You have no idea what’s coming.

Our baby goat — *is handed note* — sorry, “baby human child” will soon turn four. And you’re saying, “Uhh, it’s a bit early to be warning those of us on the road behind you. You’re like, uhhh, ten feet ahead of us.” And that sounds right. Seems accurate. I’ve got another 14 years or so before we eject this goat child into the real world with a forceful slam of the door (“TIME’S UP, NERD,” I will yell, and fling his stuff on the front lawn and then change all the locks while he’s scrambling to pick up all his weird cyborg porn or whatever’s ‘cool’ in 14 years). And parents ahead of us on the road have been warning us about all the things that will one day manifest in and around our kidling. Some of it has been right. Some of it has been so right, they had no idea. Some of it? Totally wrong. Just the same, I feel like it’s my responsibility to warn those of you with children younger than ours — perhaps even those with children that remain pre-born).

Because I see you.

I see how complacent you are.

For those of you without kids, lemme ask you: can you just like, go somewhere? Can you decide on a whim, “I am going to pee in private, then I will shower, then I plan to leave my house and go out into the world to eat food, dance, take a walk, buy a dog, buy groceries, participate in an orgy, fly a kite, kill a man, meet people, party with those people, buy IKEA furniture for my sex dungeon,” and so on, and so forth? Right. That shit ends.

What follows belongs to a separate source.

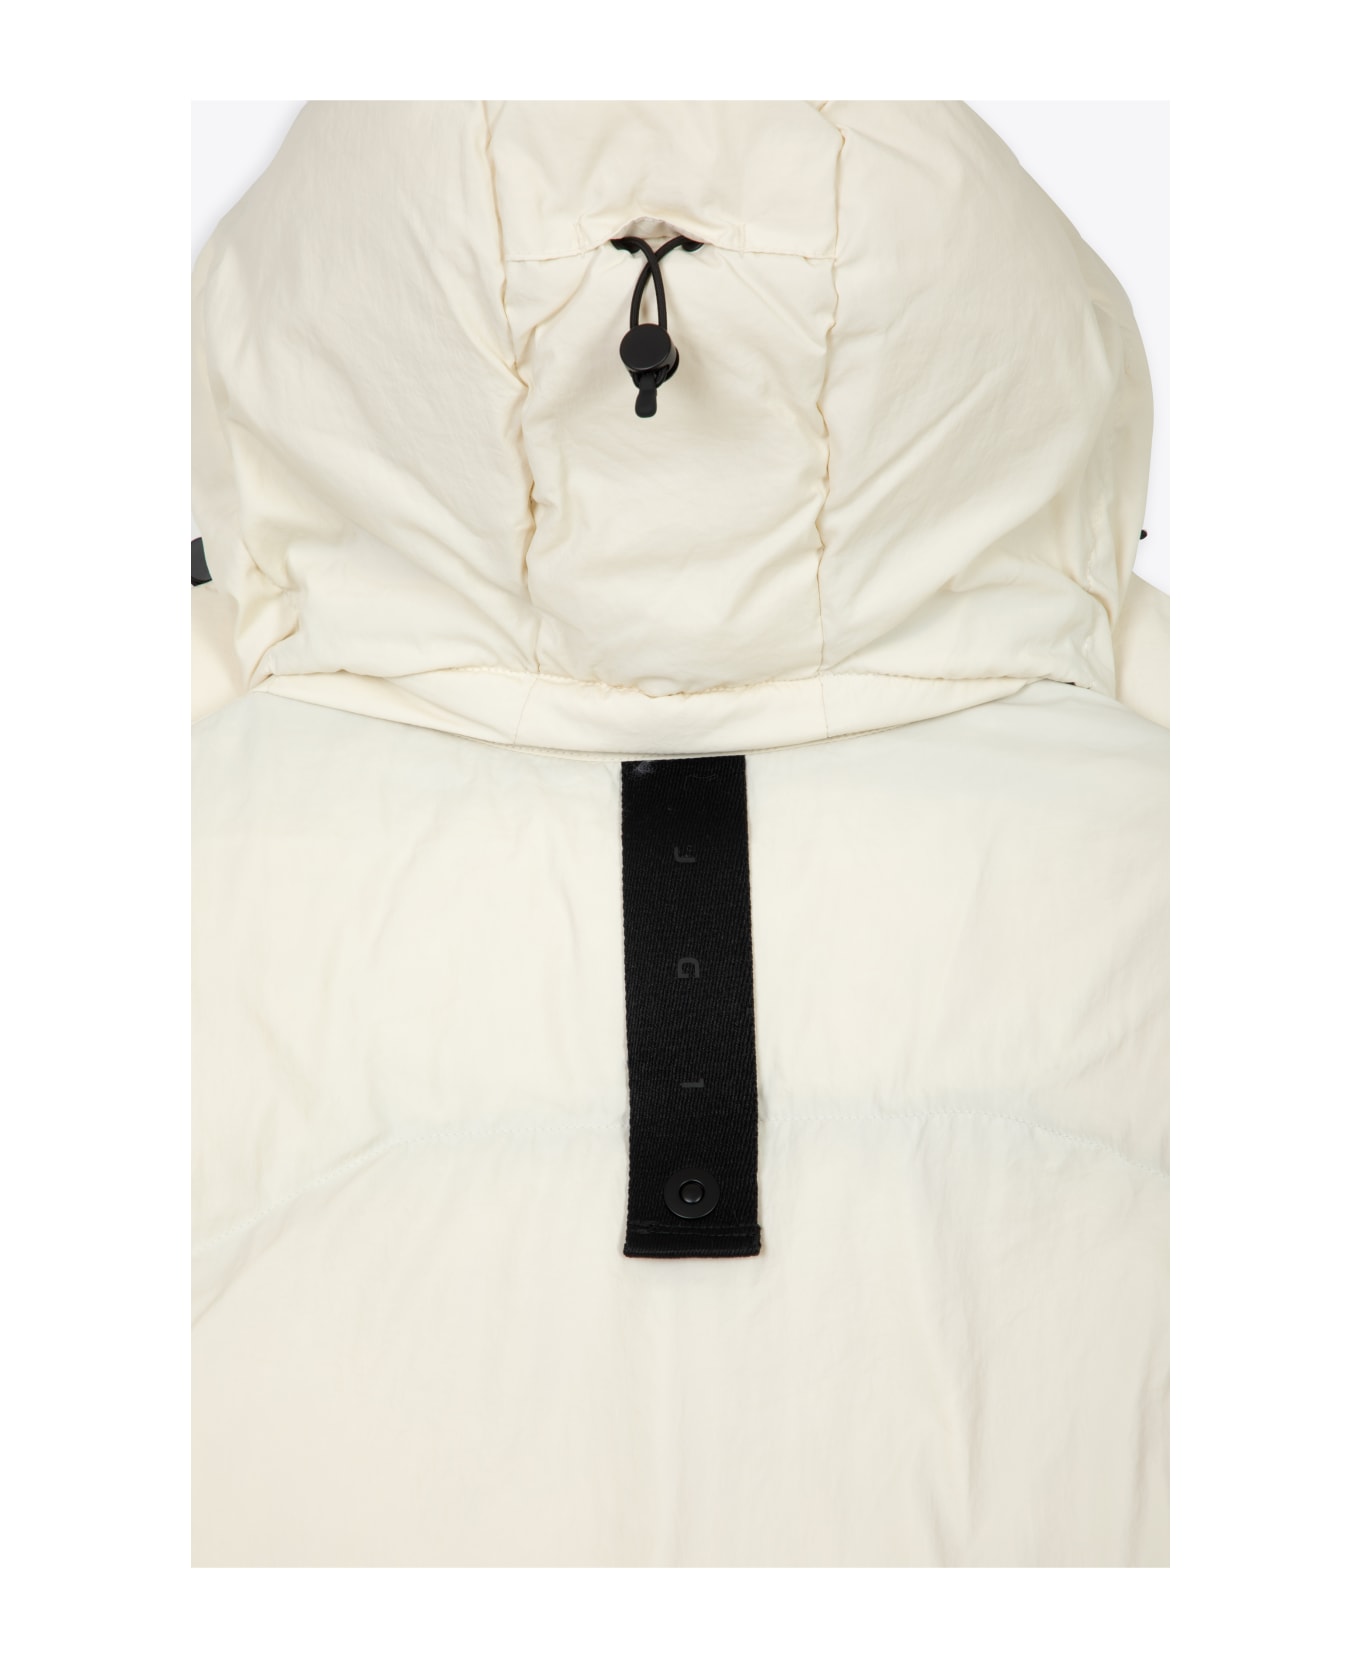 JG1 Perla Off white nylon hooded puffer jacket - Perla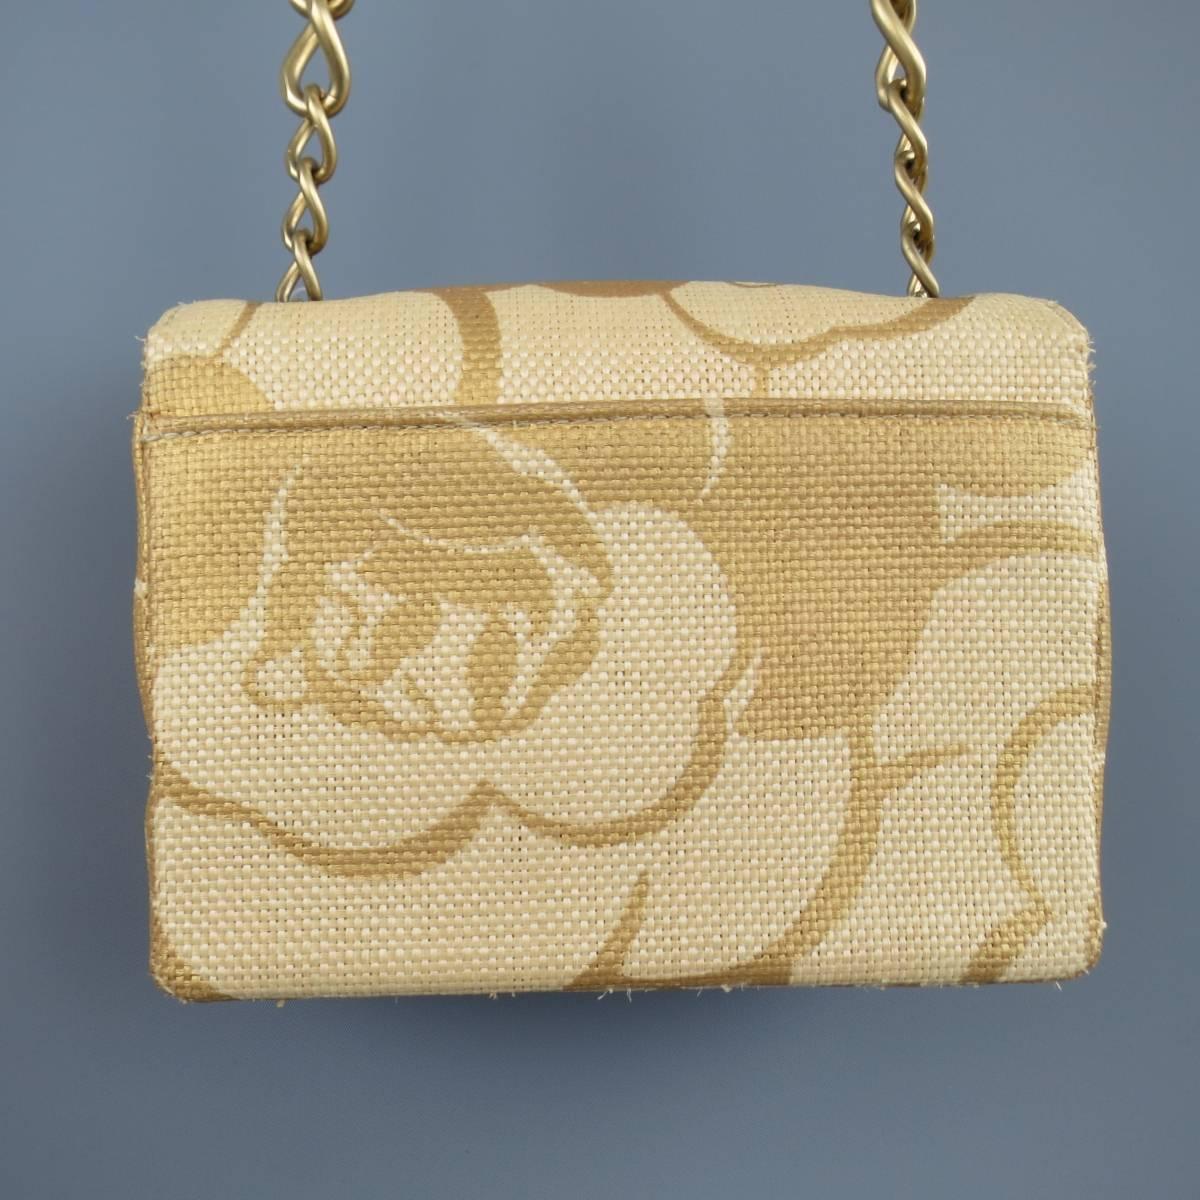 CHANEL Metallic Gold & Beige Floral Straw Chain Strap Handbag 1

For those of you with infants or babies: can you put your child down somewhere and be fairly confident that the child will remain in that space for fifteen minutes? If you return to the room, are you comfortable assuming that the child will still be somewhere near to where you left it? You won’t find the TV knocked over, clothes strewn everywhere, the window open with the curtains blowing in a breeze, a postcard from Tijuana stuck to your bedroom mirror with thumbprints of dried strawberry jelly? Yeah, eventually they get mobile.

Kids.

They get loud.

They get mobile.

And most importantly, they get weird.

They get weird quickly. The volume on their Weirdness goes from a 2, maybe a 3, all the way up to 11 pretty fast. Then they break the knob off and stab you in the neck with it.

I like to tell B-Dub stories online, and occasionally folks think I’m making them up.

I am not.

These are true things.

I would like to tell you some of the things we have seen. We are shell-shocked, like people who have witnessed something incomprehensible — an alien abduction, two Yetis making love, or this woman doing this thing with this carrot.

Please behold our tales. And tell others. Tell others what is to come.

Skeletons

The other night, B-Dub says: “There are skeletons everywhere.”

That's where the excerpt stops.